This should be obvious, but it bears saying – safety should be the priority in all decisions after a car accident.
No one plans to be in an accident, but there are some things you can do to be ready in case of one. One thing you can do is “ICE” your phone. “ICE” stands for “In Case of Emergency”, and emergency responders will look in your phone under “ICE” for emergency contact names and numbers. Another thing to do is know where your insurance information and vehicle registration cards are. That’ll save rummaging through your car in the confusion of an accident scene. You should also have a copy of the Accident Information Form that’s part of this section, and something to write with. A few flares, cones, or reflective triangles are a good idea too.
If it’s just a minor fender-bender with no injuries or major damage to the cars, move them out of traffic. Exchange information with the other driver using your Accident Information Form. Use your flares, cones, or reflective triangles to alert traffic to your situation. Make sure to place the first of these far enough from the scene that drivers have time to react. Many times police will not be involved in a fender-bender if there are no injuries, but you should still file an accident report. Virginia’s DMV website has a downloadable form, FR200, which is a “Voluntary Report of a Crash” that you can fill out and file.
In a more serious crash, tend to anyone injured in the accident to the extent of your abilities. If something’s on fire, put it out if you can safely do so. Call the police, and other emergency responders if need be. Check to be sure all vehicles involved have the keys turned off.
In addition to the information on your Accident Information Form, jot down any other information that you think might be important. Take pictures and record the positions of the vehicles and any information relating to cross-streets, mile markers, and anything else you can think of that might be useful. Be prepared to answer any questions the police have for you. Don’t tell them or the other driver or drivers that the accident was your fault.
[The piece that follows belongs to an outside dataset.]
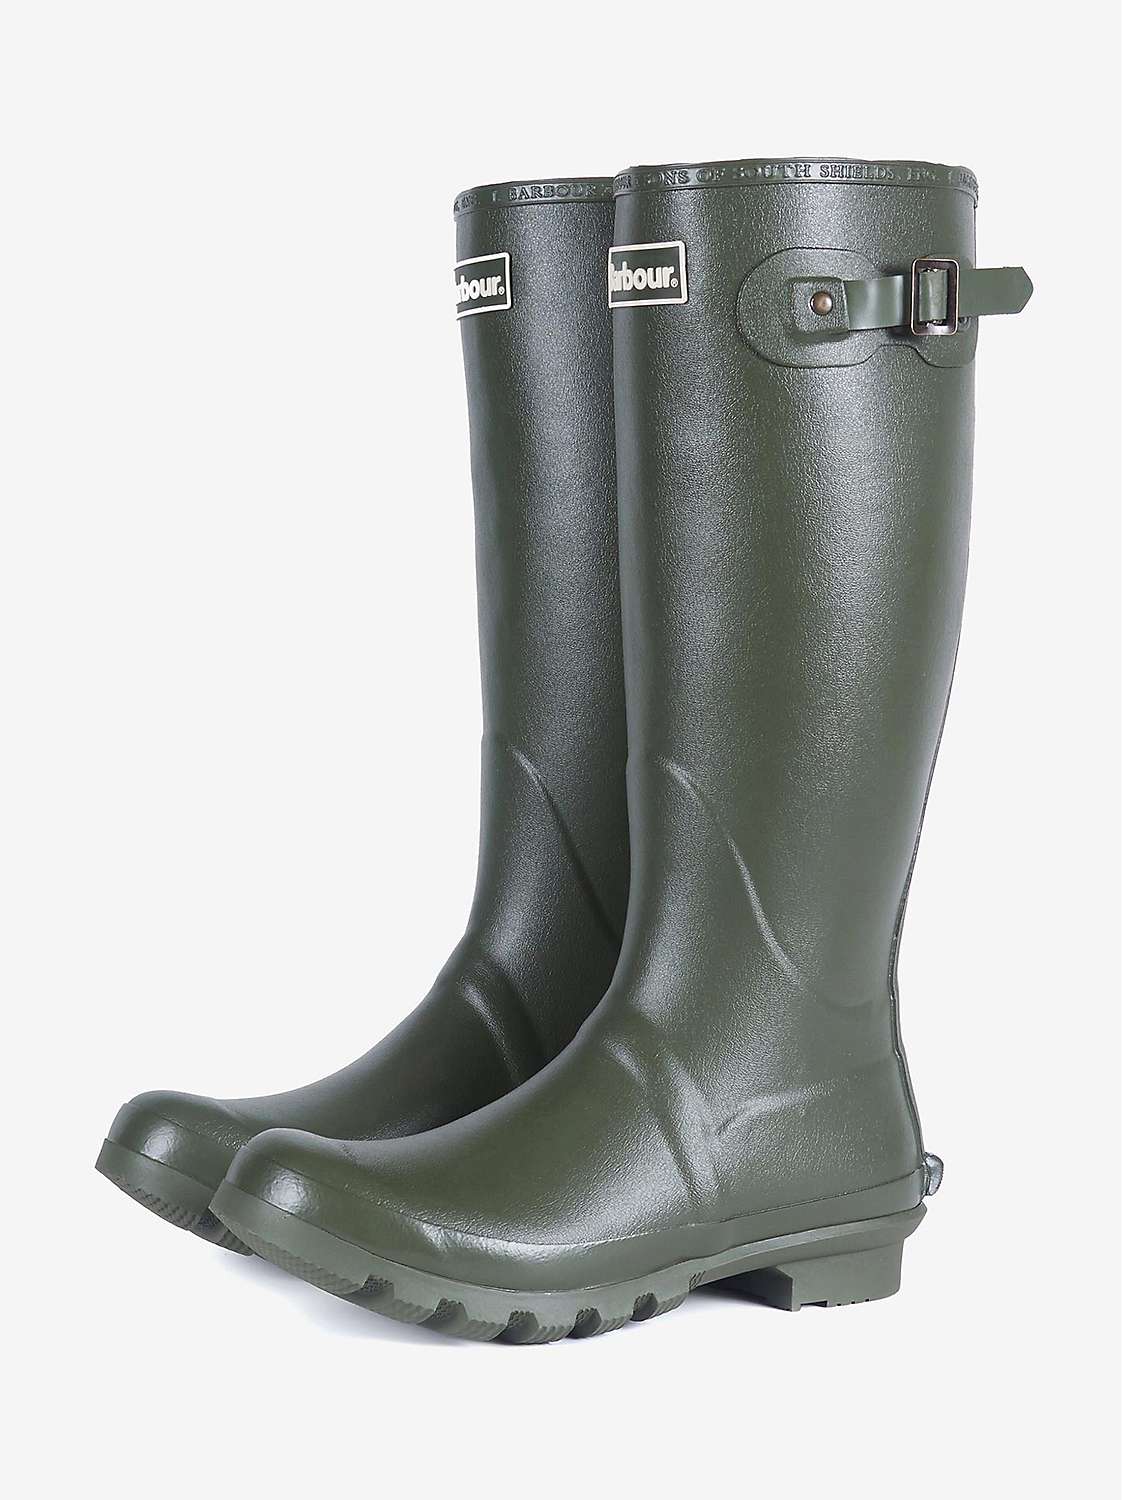 Buy Barbour Bede Waterproof Wellington Boots Online at johnlewis.com
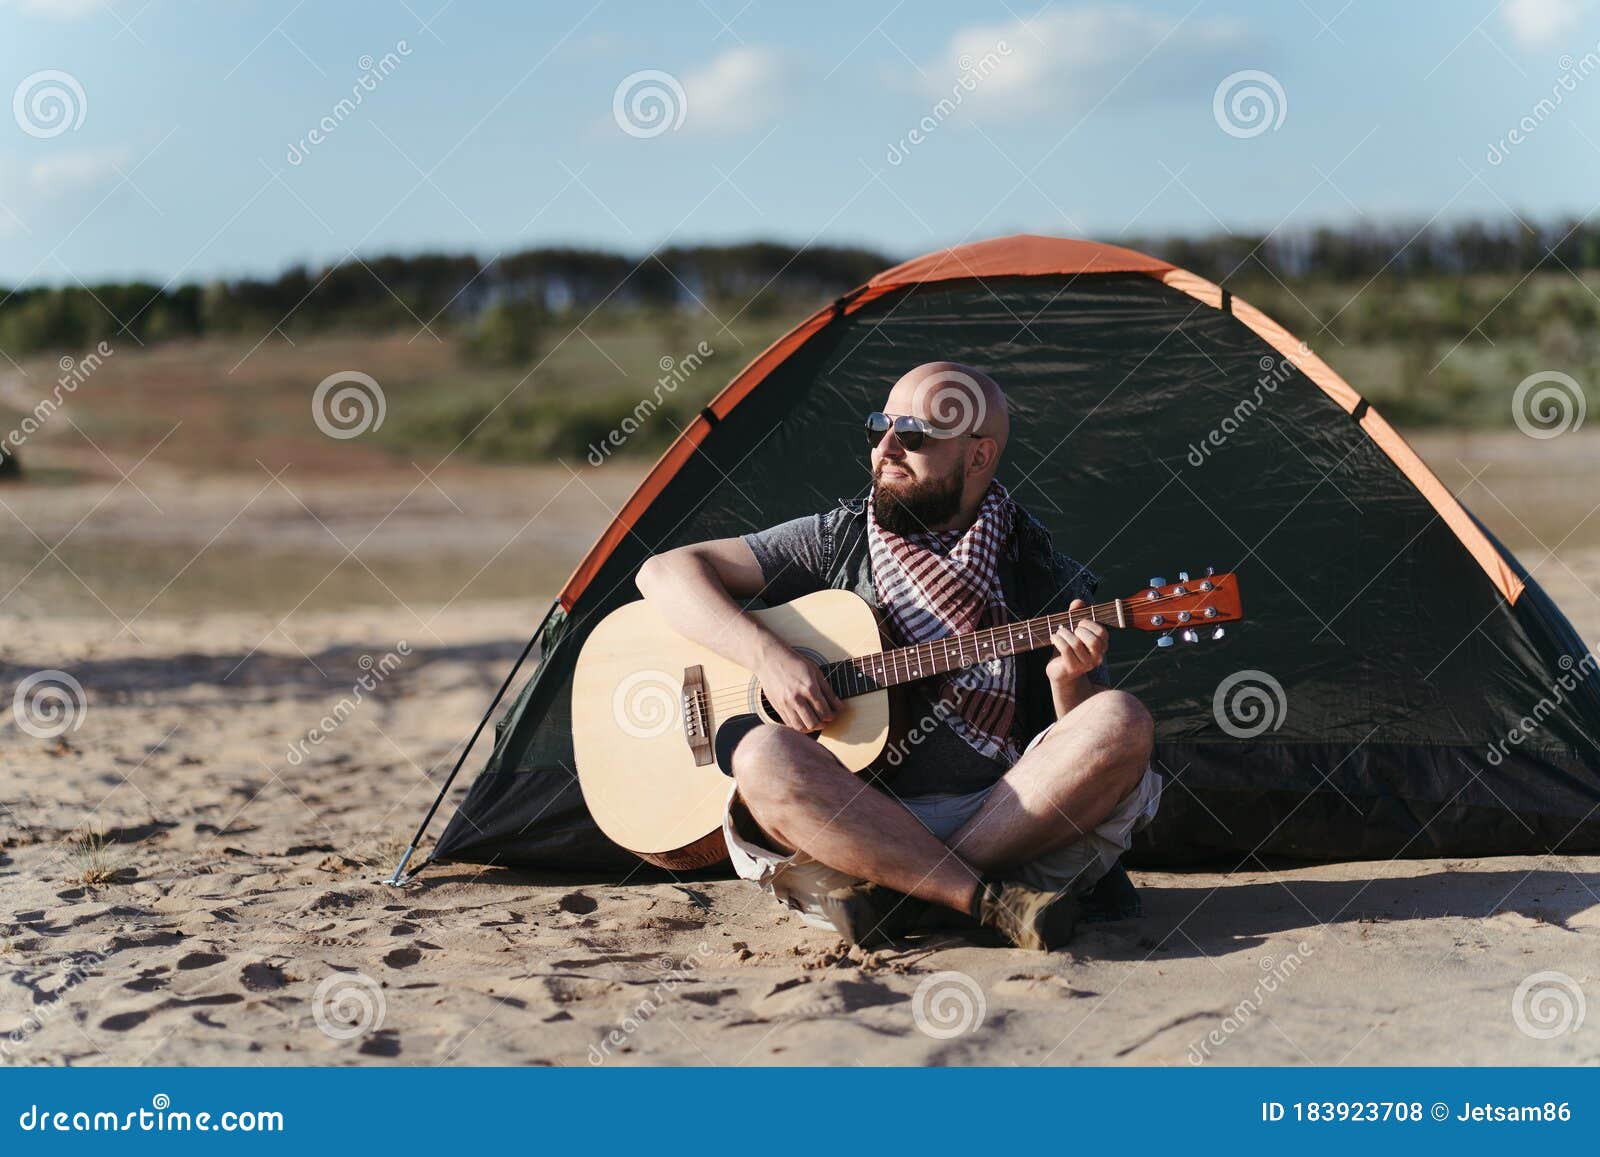 Homme Qui Joue De La Guitare Et De Camping Dans Le Désert Photo stock -  Image du vacances, découvrez: 183923708

Contact your insurance company as soon as it’s practical. Give them copies of all the information that you’ve gathered. Keep in mind that choosing a body shop that you like is your right. Almost all insurance companies have shops that give them a discount and work with them to cut costs by using cheaper or used parts, in return for the insurance company “steering” work their way. These are called “DRP” shops, and it’s possible to perceive such a relationship as a conflict of interest. If the insurance company is the shop’s customer, the vehicle owner isn’t, and who’s looking out for him? “Steering” is illegal, so pick a shop that you’re comfortable with.